26. From the late eighteenth century until 1992 the term “terra nullius’ (no one’s land) was used by settlers to justify seizing Aboriginal land. What is particularly ironic about the term, given the hunter-gatherer nature of the Aboriginals as well their reverence for the land?

27. Talk about the wind’s role as provocateur. Why does the wind goad the spirits? “Well, you’ve just about been made redundant, haven’t you?” (p. 239). How does the recurring dialogue among voices, spirit child, and wind reveal main concerns of the book?

28. Do the spirits in their hammocks remind you of the Lotus Eaters? When they claim that ‘sleep, forgetfulness, drugs,” will help them, the wind screams, “I’m trying to wake you out of your stupors!” (p. 239). What is meant by ‘stupors’?

29. If Billy is a quester, is the reader one, too? Did you find that you, like Billy, came to knowledge only in steps and even then not completely? What are the elements of mystery that remain unresolved for you?

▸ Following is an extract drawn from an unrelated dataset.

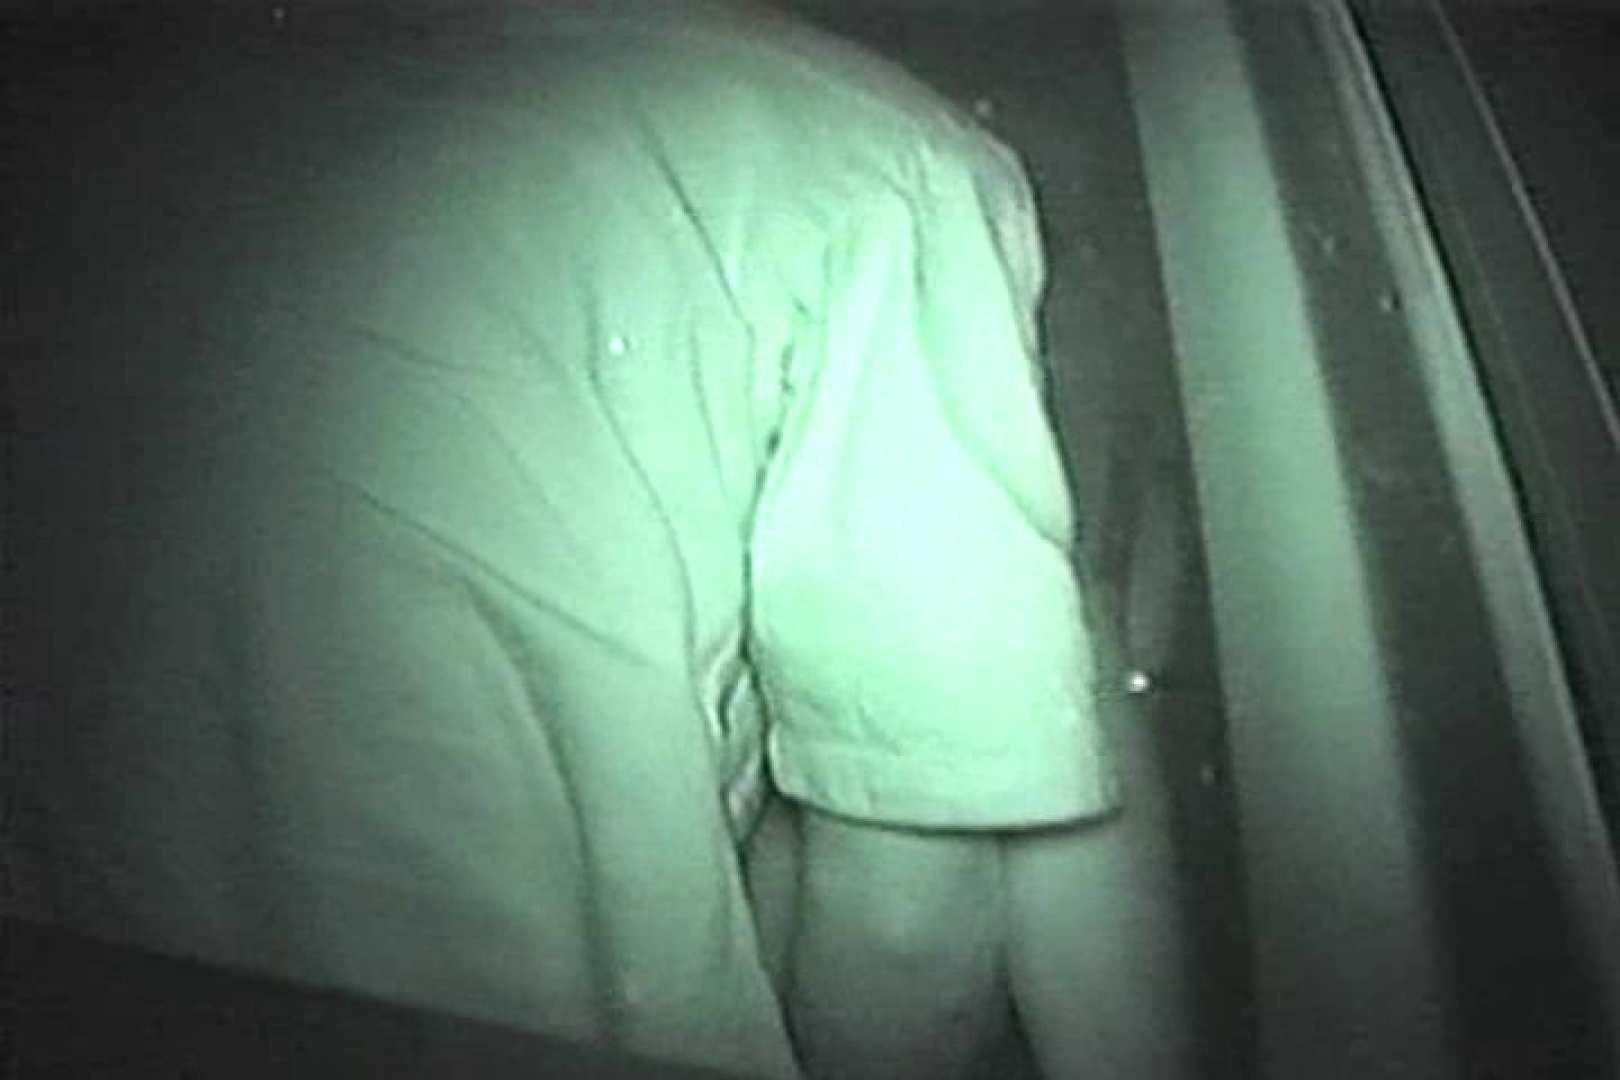 MASAさんの待ち伏せ撮り! 赤外線カーセックスVol.3 カーセックス 盗み撮り動画キャプチャ 71pic 39
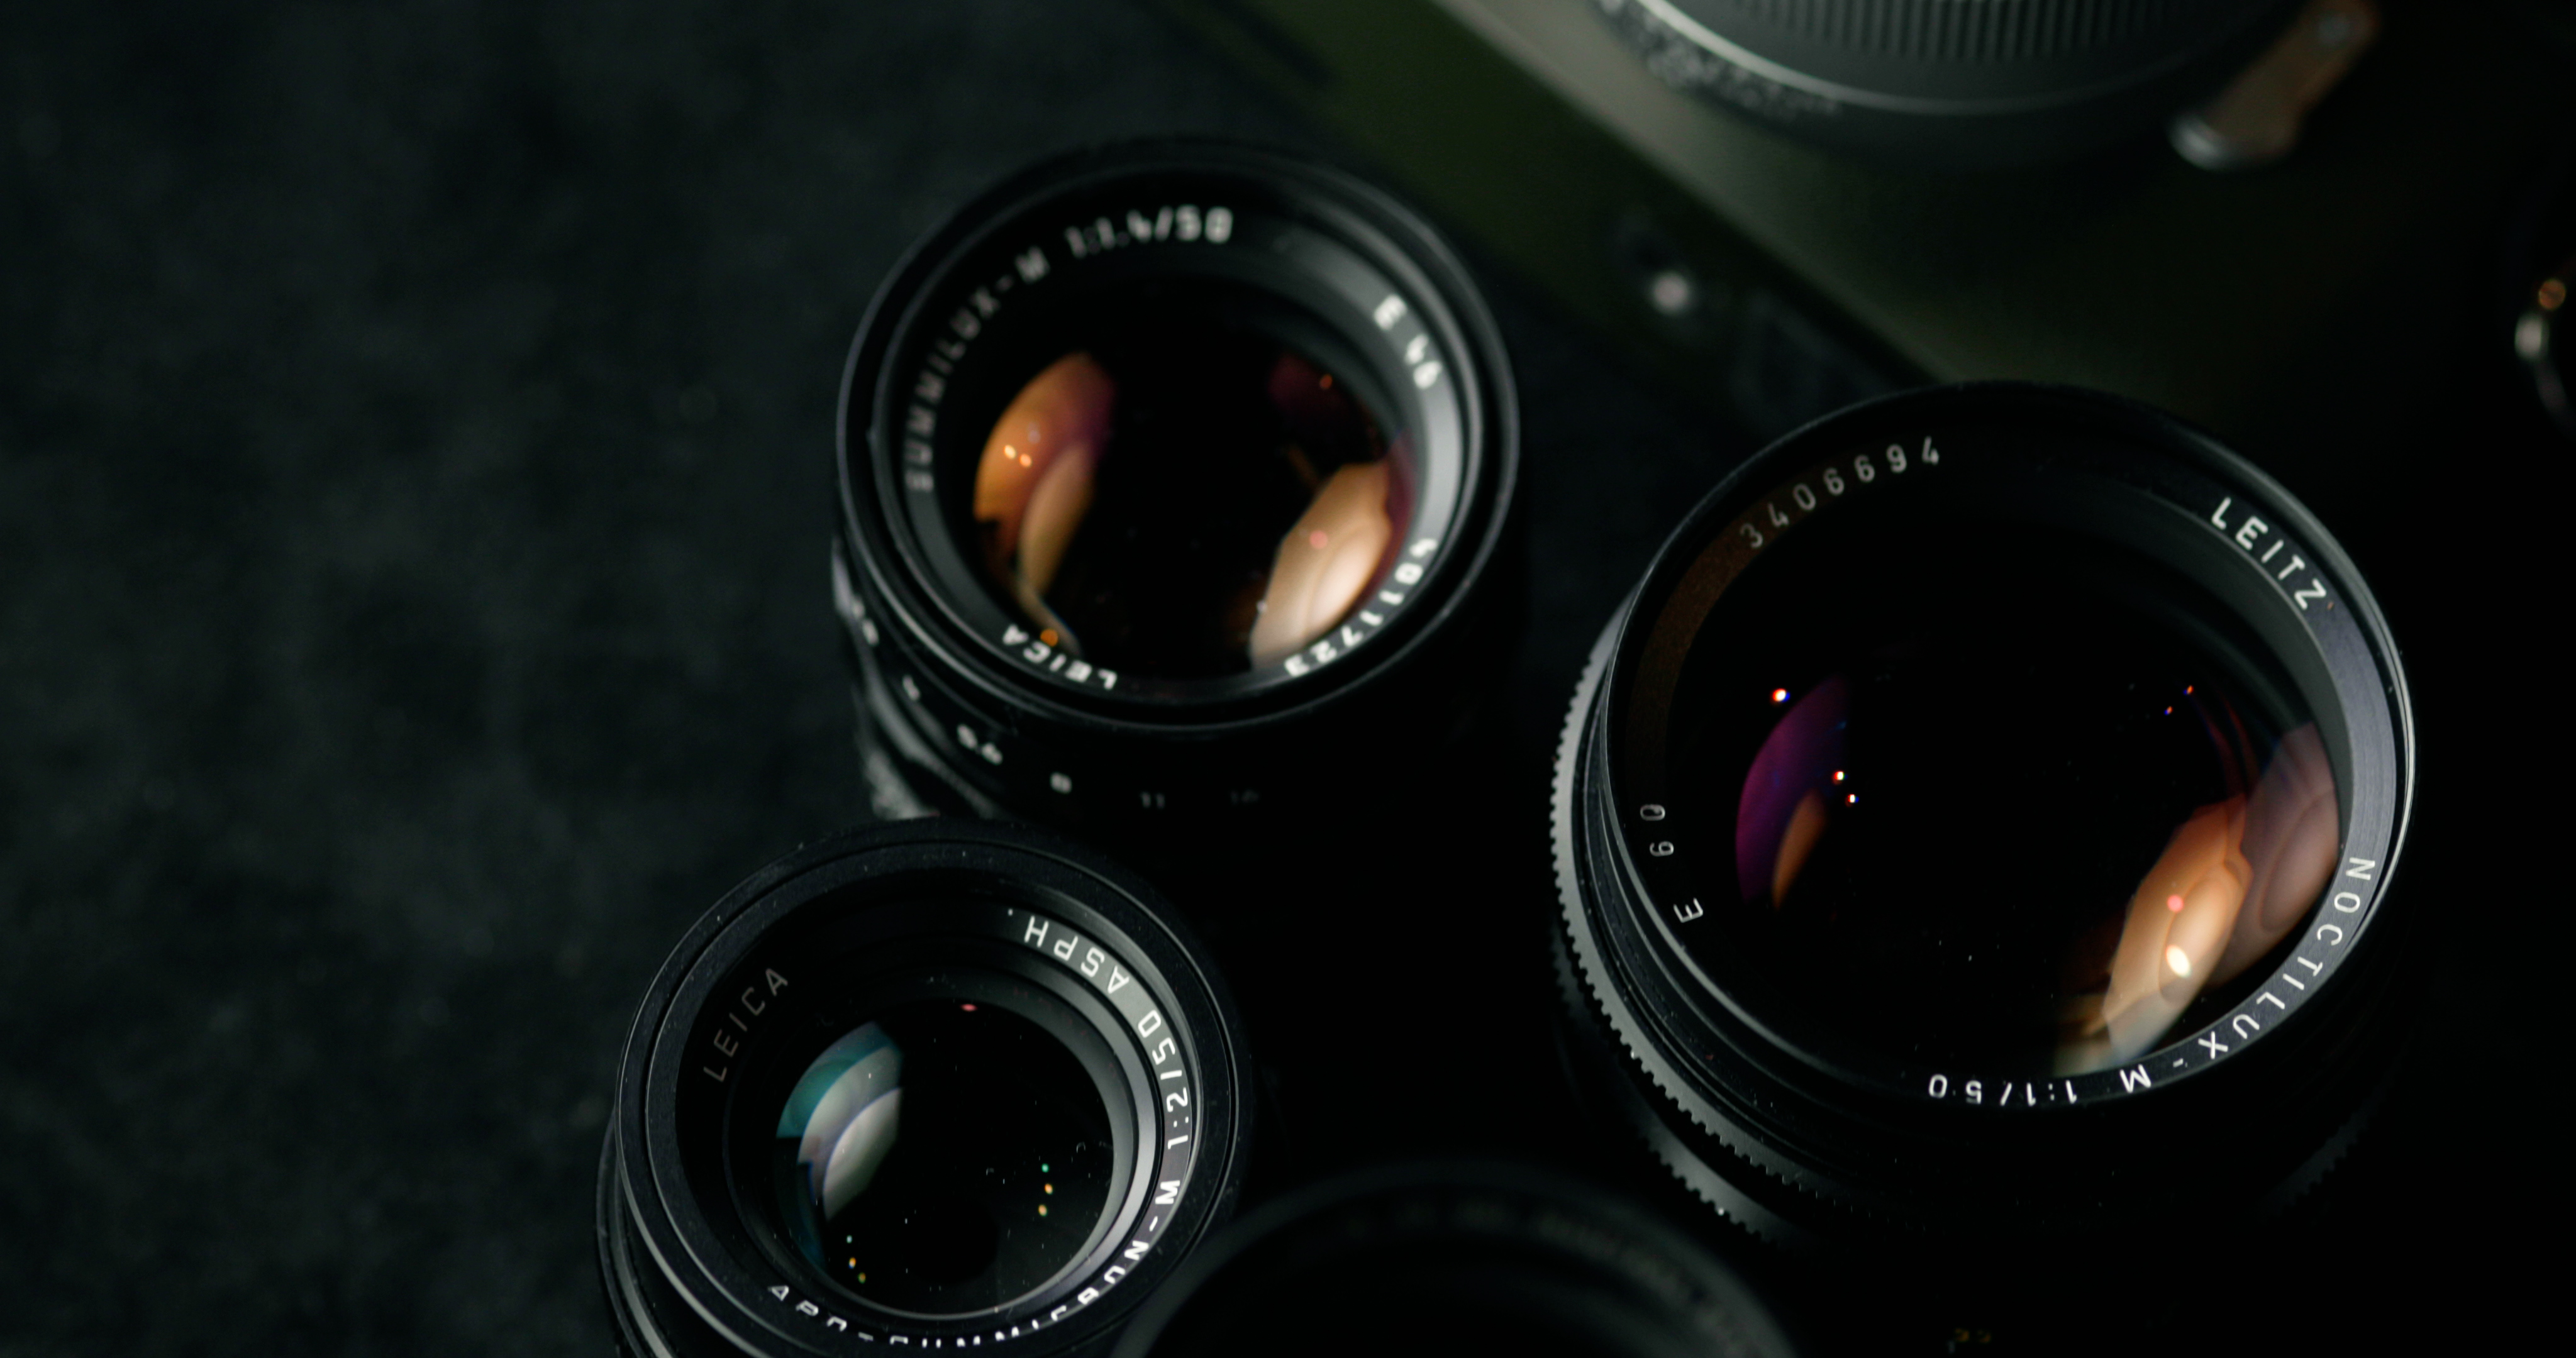 Leica 50mm Summicron 50mm f/2.0 Apo vs. Zeiss Sonnar 50mm f/1.5 - A Comparison Review

30. How does Cecily act as a mediating figure for Billy? Is she a bridge between the rational world of the hospital and the spirit world of the Aborigines? What is her defining act of courage? Think, too, of Tama’s courage when she says, ‘shoot one more cockatoo and you’re dead, Mr. Coldiver” (p. 234).

31. Find some of your favorite passages of evocative imagery and talk about them. You might start with page 184 for a powerful word painting. Does this style of writing say something about Aboriginal values?

32. How does Jimmi serve as a link to the spirit world? (See pages 267–268.)

33. Why is this book important for our choices today? Robert Lawlor, in Voices of the First Day: Awakening in the Aboriginal Dreamtime, has said, ‘dreams, collective memories and imagining are more potent than religious faith or scientific theories in lifting us above the catastrophic ending that confronts us all.” Do you agree?
Do you think we can learn from ancestral voices enough to transform our personal limitations? Our collective destiny?

34. How is The Voices a synthesis of fantasy and realism? Did you find yourself in a twilight zone between this world and another? Do we have a choice of taking Billy’s story literally or symbolically? What is the chance that Billy might be mentally disordered?

35. How do we learn best about unfamiliar cultures? Some people refuse to read fiction, claiming they have only time to read “true” books, such as history. What does good fiction provide that raises our understanding dramatically? Apart from this book, what other novels have you read that you felt successfully introduced you to a new culture? Do you think we have an obligation to understand foreign points of view and even language? Was the liberal use of native language a help or a hindrance in reading the book?